I would recommend against "X is the 13th largest Y", because other than people who've memorized the Top Twenty Ys getting this right is purely a matter of guesswork. "One of the 10 largest" is better; so is "X is bigger than Y".


Well, if one can come up with the top Ys, one can reason about what probability one wants to assign to that statement. For example, if I can think of 9 countries that I think are bigger than Algeria, and three of which I am uncertain, I can well assign a probability of, say, 30%. Calibration training could be done this way.

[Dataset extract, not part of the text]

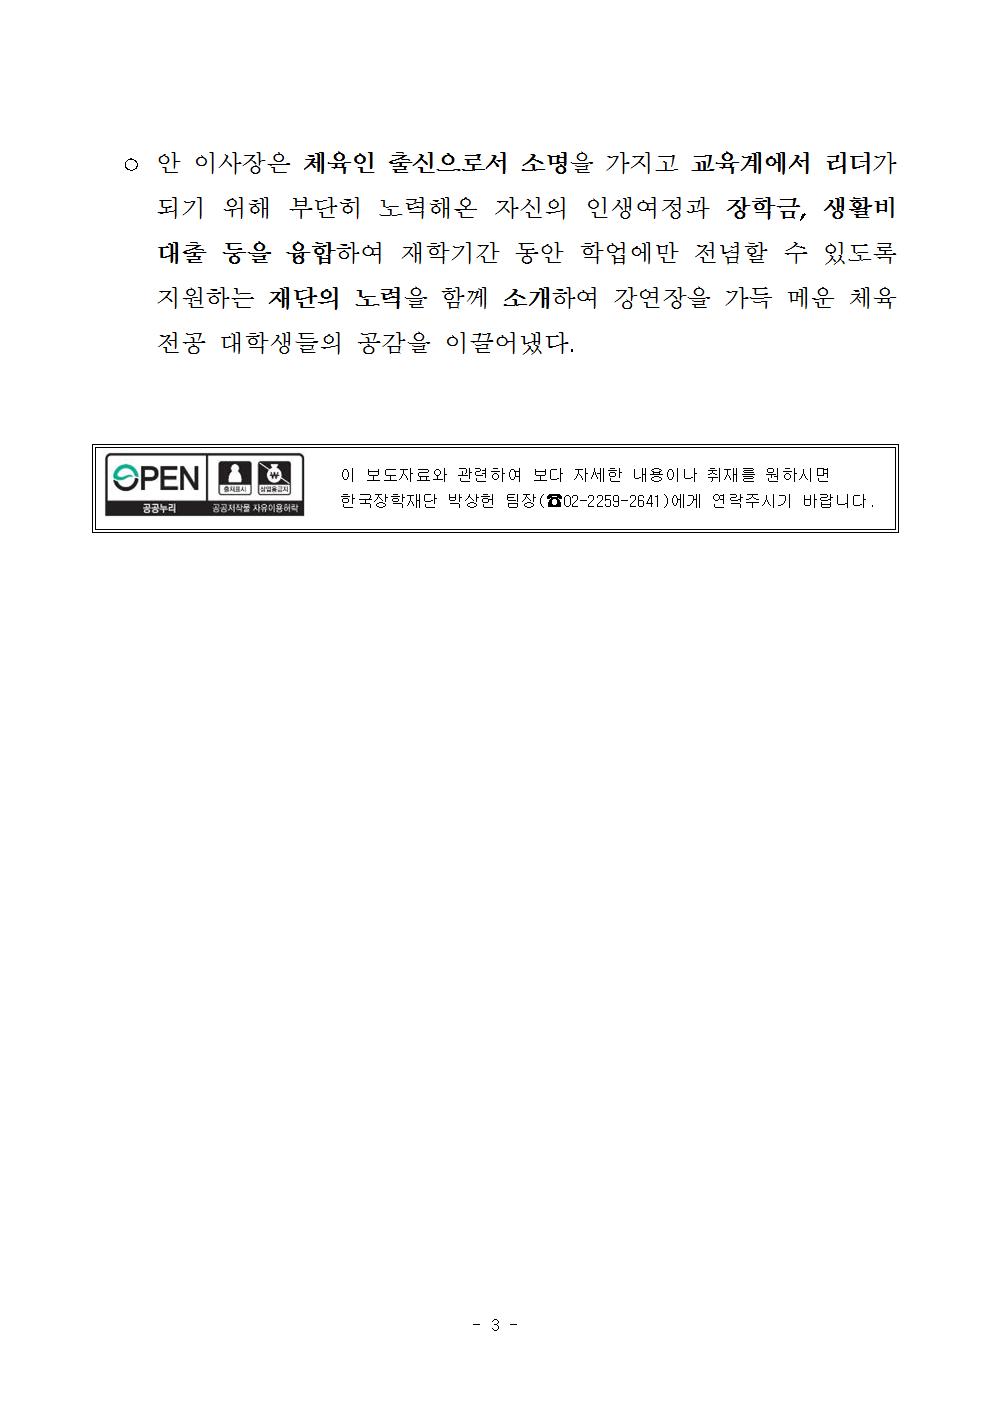 04-26(수)[보도자료] 한국장학재단, 계명대학교와 업무협약 체결003.jpg

Yeah, I guess, but that's a whole lot of work for one short question of this kind and if you can think of 12 candidates then there's a good chance you've forgotten a couple. I don't mean to imply that this kind of question is completely useless, only that other sorts are probably better.


I'd say it depends on what exactly you want to do once you have the statements.

USGS has good info. Also there is no need to scrape wikipedia, work has been done for you. You can do sparql queries to get most of your statements and the CEGIS site supposedly has a working sparql endpoint but I haven't used that in years.

It might be possible to have subject matter experts assemble sets of such questions about their areas. We have a lot of people with different expertise on LW and so it wouldn't be that hard. For example, I could pretty easily supply 5-10 such questions in a math context or in a history of science context.

You could try using PredictionBook? I don't really know what your specific needs are so I don't know if PB could really be adapted for your needs.

We need something for rapid calibration rather than slow-to-verify predictions like prediction book (which are also good to train on).

Going for a trivia database seems like your best bet. I just had a look at (first google result for "trivia database") and the questions seem relatively neutral in terms of intuitiveness.

"What is the addictive chemical in cigarettes?" "What unit is force measured in?" "What country did King Hussein rule?"

Keep in mind that it's much harder to generate tricky questions than simple ones, so it's unlikely you'll have much cleverness in a big database unless it's extremely expensive.